Analysis: Burma’s natural resources curseBy Zin Linn Oct 18, 2013 1:31PM UTC
Wealth of oil, gas and mineral resources lies at the heart of continuing civil and economic strife in Burma
Burma (Myanmar) is one of Southeast Asia’s most natural resource-rich countries. It earns billions of dollars yearly exporting natural resources such as oil and gas, teak, gems, and minerals. Sending natural gas overseas is the country’s particular prime source of foreign revenue.
Burma has been exporting gas to Thailand from the Yetagun and Yadana offshore blocks located in Mottama Gulf since 1998 and 2000 respectively. In 2008 BP ranked Burma as the largest gas exporter via pipelines in the Asia-Pacific with gas exports totaling 9.7 bcm in 2007. This made it the 11th largest gas exporter in the world that year, according to the report Burma’s Resource Curse: The case for revenue transparency in the oil and gas sector, issued by Arakan Oil Watch, an independent, community-based, non-governmental organization operating in Burma.
The bulk of profitable resources in Burma, including oil and gas, are unearthed from ethnic states and sold to neighboring countries. Local populations have never been enjoyed the benefits of these deals as the profits wend directly to the military.
Additionally, these states – such as Kachin, Shan, Kayah, Karen and Mon states – have never been repaid for the social and environmental damage that goes with the extraction and export of resources. This remains the main reason behind hostilities between the government and ethnic rebel forces today.

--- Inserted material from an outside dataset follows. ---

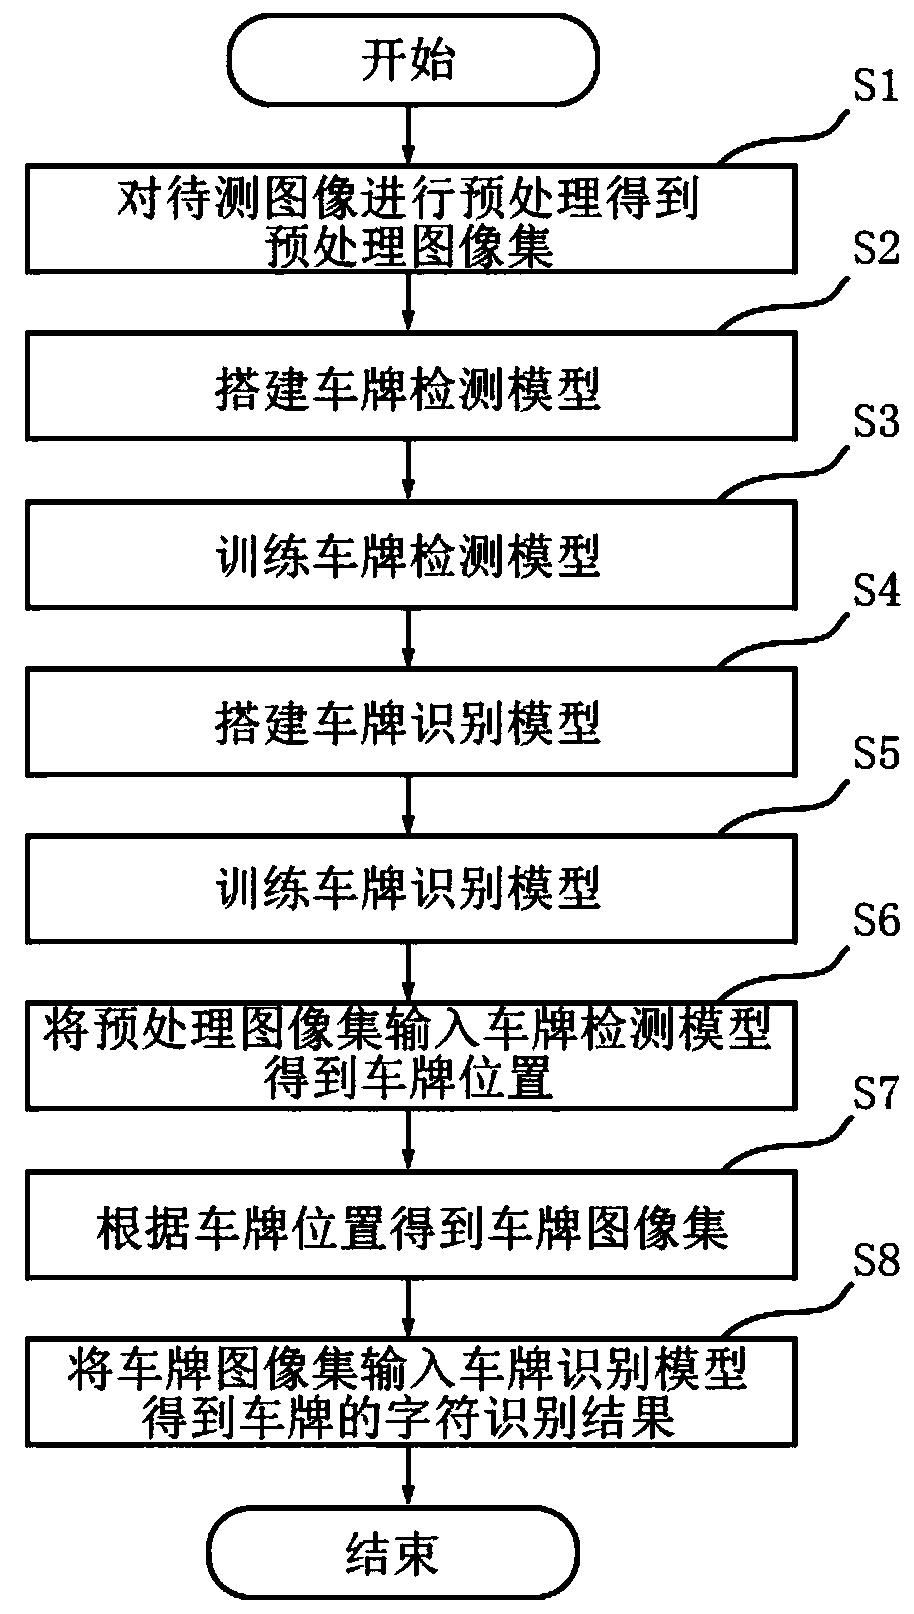 License plate recognition method and device for complex scenes

Nobody knows exactly how revenues from the sale of gas resources are spent. However, it is easy to figure out that government spending for social improvement is stingy, while the military continues to enjoy the lion’s share of state revenues.
Unfair sharing of resource benefits is also contributing to ethnic conflicts. Although a so-called civilian government is now running day-to-day affairs, the military remains unwaveringly above the law under the 2008 constitution. Many analysts believe that the role of military conglomerates in Burma’s economy and in managing country’s huge oil and gas revenues remains unfettered.
According to the Arakan Oil Watch (AOW), Foreign Oil Companies engaging in Myanma’s oil and gas sector also refuse to publish how much and how they pay the military regime.
The most crucial question surrounding political reform that many foreign governments overlook is the economic monopoly of Burma’s military elite. They have been exploiting the country’s natural resources under the names of the Union of Myanmar Economic Holdings Limited (UMEHL) and the Myanmar Economic Corporation (MEC) while the country’s average population has suffered various social miseries.
President Thein Sein’s reforms hav reached few at grassroots level as farmers and workers struggle to make ends meet and their land and properties are unlawfully confiscated by the military, local authorities and government cronies. As a result, the people are suffering severe unemployment in a country where 5 million unemployed citizens have already migrated to neighboring countries in search of work. Most of these are in Thailand and Malaysia.
(READ MORE: Burma farmers find little relief from land grabs)
Burma remains one of the world’s least developed countries, and was ranked 149 out of 187 countries in the 2011 UN’s Human Development Index concerning health, education and income. Burma was ranked 172 out of 176 of the most corrupt countries in the world by Transparency International’s annual Corruption Perceptions Index in 2012 – fifth from bottom above Sudan, Afghanistan, North Korea and Somalia.
If the President is truly reform-minded, he needs to make sure transparency and first-rate management of the country’s largest source of foreign income – revenues from the export of oil and gas – and cope with military monopoly in the market-based economy. With military involvement in the country’s economy, regardless of good management and sustainable development, the natural resources sector in Burma will draw out the resource curse situation even longer.
In order to control extractive industries’ revenues properly, the government must provide a yardstick for checking the use of those revenues. It’s also necessary to set up a responsible revenue management system. Such a check-and balance system should take the form of a constitutional mandate followed by more specific nationwide legislation that extensively controls the use of the benefits that come out of natural resources.
Although the extractive industries’ foreign earnings are biggest in the country, there has been no revenue transparency under both the previous military regime and the current U Thein Sein government. The government’s credit-and-debit accounts concerning the extractive industries’ foreign earnings are not publicly revealed. The same is true of defense budget spending.
According to the report by the Arakan Oil Watch, billions of dollars in revenues from the sale of natural gas have gone unrecorded in the country’s public accounts and been siphoned off by corrupt military rulers, leaving the nation with some of the worst social indicators in the world and ongoing armed conflicts in ethnic regions.